Flor Alpaerts (1876-1954) was een volbloed Sinjoor en toegewijd volgeling van Peter Benoit. Hij studeerde en doceerde aan het Vlaams Muziekconservatorium en werd er ook directeur in 1933 (na een bitsige strijd met Lodewijk de Vocht). Tegen de uniformisering van het ‘belgisch’ muziekonderwijs in zette hij de Benoit-traditie zoveel mogelijk voort. Als pedagoog schreef hij invloedrijke muziekhandboeken en organiseerde hij jeugdconcerten. Alpaerts' grote bewondering voor Benoit werkte niet verlammend of conserverend zoals bij sommige van zijn collega’s: hij hertaalde Benoits grondbeginselen en gaf de Vlaamse muziekbeweging een eigentijds gezicht.

Als dirigent, muziekuitgever en -directeur van verscheidene instellingen was Flor Alpaerts alomtegenwoordig in het Antwerpse muziekleven. Hij bracht zowel het internationale als het Vlaamse repertoire maar was daarenboven onmiskenbaar de belangrijkste Benoit-uitvoerder van zijn generatie. Hij leidde onder meer de Peter Benoitkapel, het Peter Benoit Fonds, de orkesten van de Bourlaschouwburg en de Dierentuinconcerten, het gemengd koor Arti Vocali en een seizoen lang zelfs de Vlaamse Opera.
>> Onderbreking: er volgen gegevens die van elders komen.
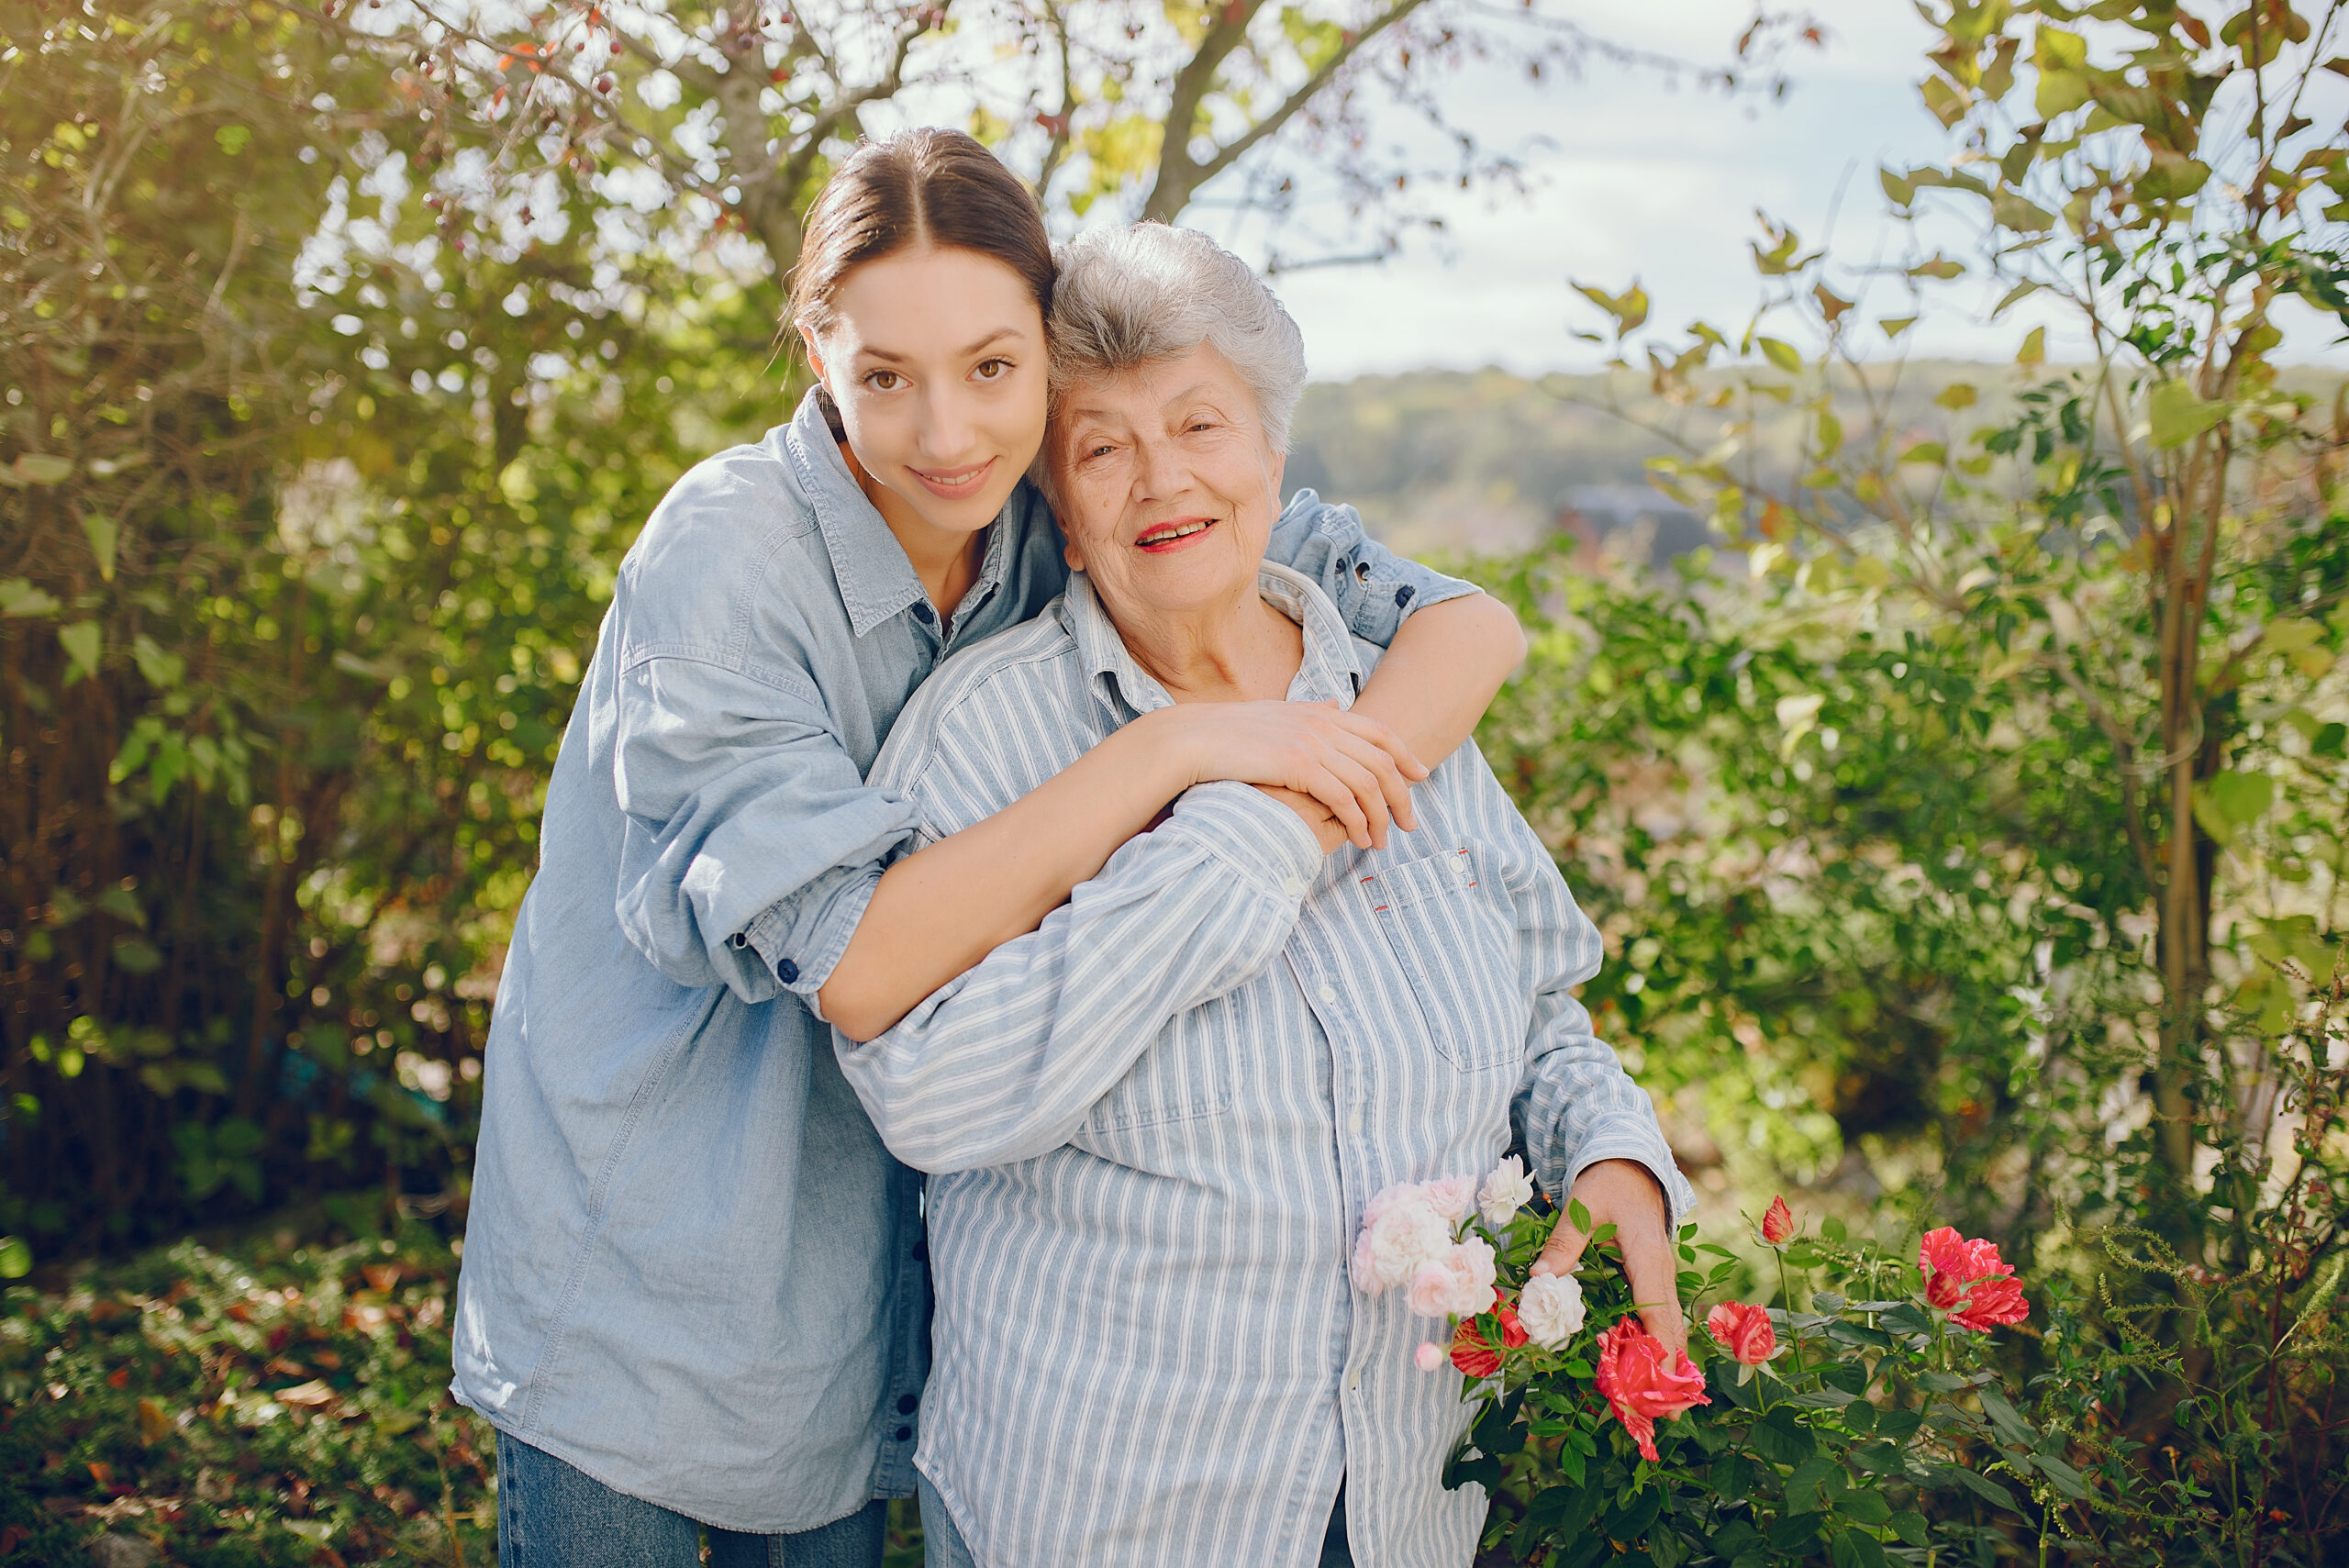 Assisted Living vs. In-Home Care: Which is Better for You?
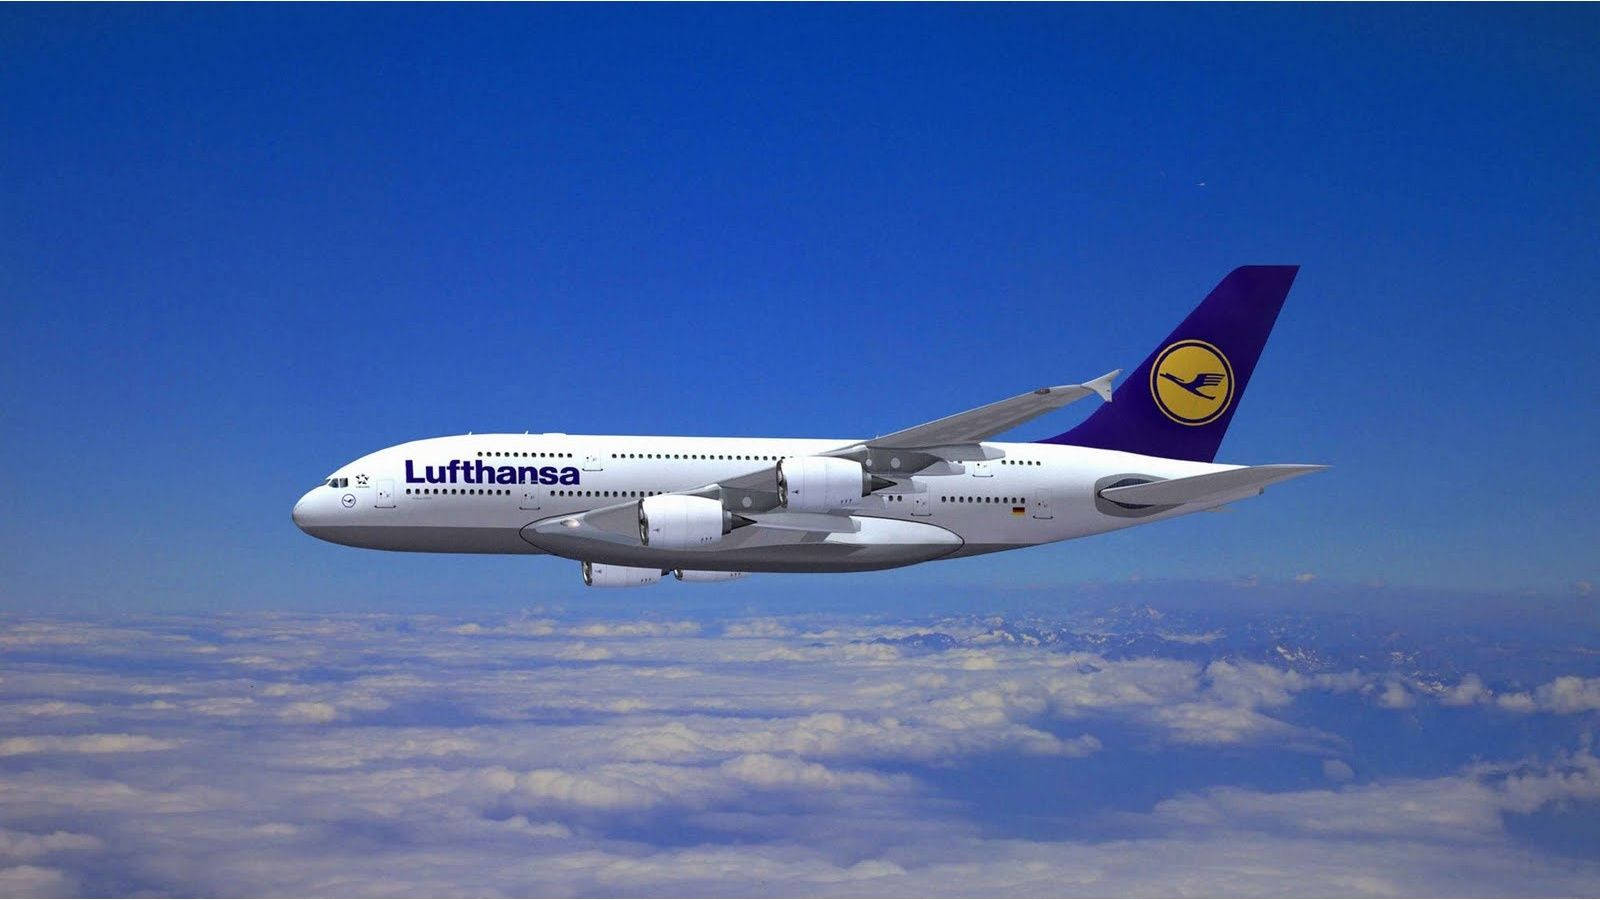 Lufthansa Plane Alone In The Sky Picture

Ook als gastdirigent in het buitenland toonde Alpaerts zich propagandist van de Vlaamse muziek.

In zijn composities verwees Alpaerts nog nauwelijks rechtstreeks naar de Vlaamse Beweging, wel verklankte hij vaderlandse iconen in symfonische gedichten zoals Pallieter en Uilenspiegel. Als vrijmetselaar (ook al in de geest van Benoit) schreef hij nauwelijks liturgische muziek. Alpaerts componeerde vooral voor orkest – in een aanvankelijk impressionistisch, later expressionistisch en ten slotte neoclassicistisch idioom – en zijn rol in de Benoit-cultus belette niet dat hij zich evenzeer inzette voor de muziek van Igor Stravinsky en Arthur Honegger.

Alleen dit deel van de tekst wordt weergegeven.